Explaining its approach to SDGs, French food giant Danone said that it would focus on areas related to nutrition and wellness, such as Zero Hunger (Goal 2) and Good Health and Well-Being (Goal 3). “We have decided to direct our efforts towards and actively contribute to several Goals on which our activities have the most material impact,” the company said. That involves projects such as conducting studies of mothers in Cameroon and Ivory Coast, where anemia is a critical concern, and reformulating its Phosphatine brand in these two countries so that it now provides 70% of children’s iron needs.

3. Collaborate. This requires working alongside other organizations and stakeholders to make more impactful progress on mutual goals. Again, the complexity of the SDGs exceeds the reach of any single organization. Cooperation with multiple external partners is necessary to make change. SDGs can be met only through the coordinated contributions of multiple stakeholders, including the public and private sectors, multilateral institutions and other civil society actors. For some companies, this will require a shift in thinking from managing stakeholders to partnering with them, and from organization-focused approaches to issue-focused approaches. This will require dialogue — which won’t always be easy.

After conducting a materiality assessment on all 169 action targets, pharmaceutical firm NovoNordisk settled on Good Health and Well-Being (Goal 3) and Responsible Consumption and Production (Goal 12). Partnerships are key to progress here. For example, for its Cities Changing Diabetes programme, NovoNordisk works with more than 100 local partners to map and analyze root causes of urban diabetes and provide solutions to systemic issues related to healthy living in cities.

4. Innovate. Companies may have to rethink how they normally do business, designing new business models to produce distinct SDG-related outcomes. Business model innovation can enable firms to foster sustainable changes by incorporating social and enviornmental consequences into their designs. The SDGs will never be achieved if we continue to do what we do, the same way we’ve always done it. We cannot rely on existing tools, techniques and technologies. Firms must find novel solutions that use fewer inputs and cleaner technologies while innovating their business models. This means signficantly altering current business practices while adopting new ones built on a novel logic of societal engagement.

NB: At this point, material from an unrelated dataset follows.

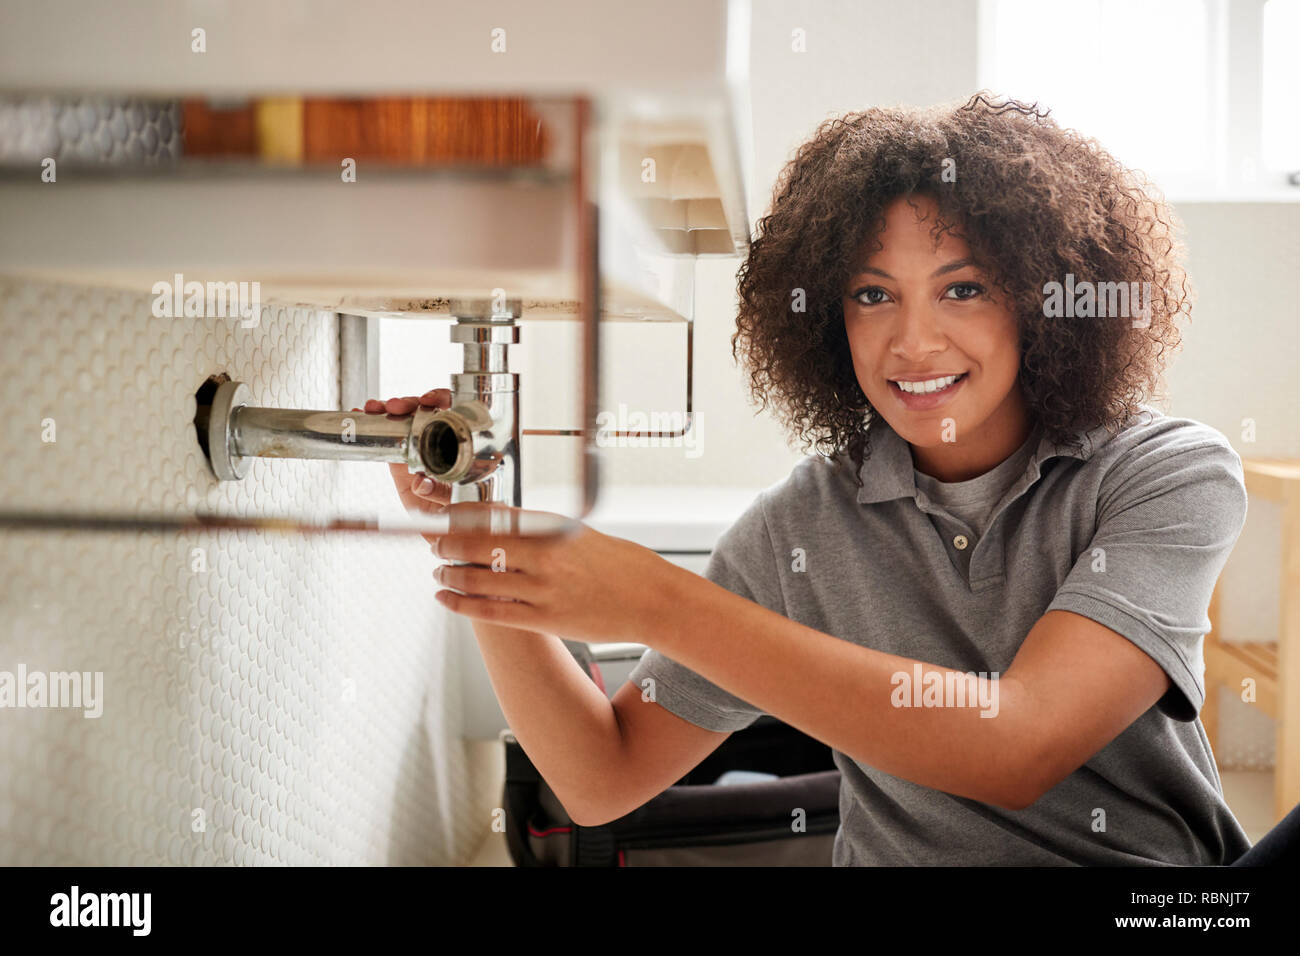 Fontanero hembra negro joven sentada en el suelo arreglar un lavabo del baño, mirando a la cámara Foto de stock

The energy transition is, perhaps, the most consequential climate action. Spanish electricity producer Iberdrola has identified Affordable and Clean Energy (Goal 7) and Climate Action (Goal 13) as the goals where it can have most impact, and incorporated them into its business strategy. To make progress, the company has committed to accelerating investments in renewable energy, digitalization and electric mobility — all of which require fundamental innovations.

No one would deny that global progress in achieving the UN’s SDGs has been disappointing. But neither this slow headway nor the sweep of the goals should deter companies from taking action. With the right approach, the SDGs can be turned into specific action plans with measurable results.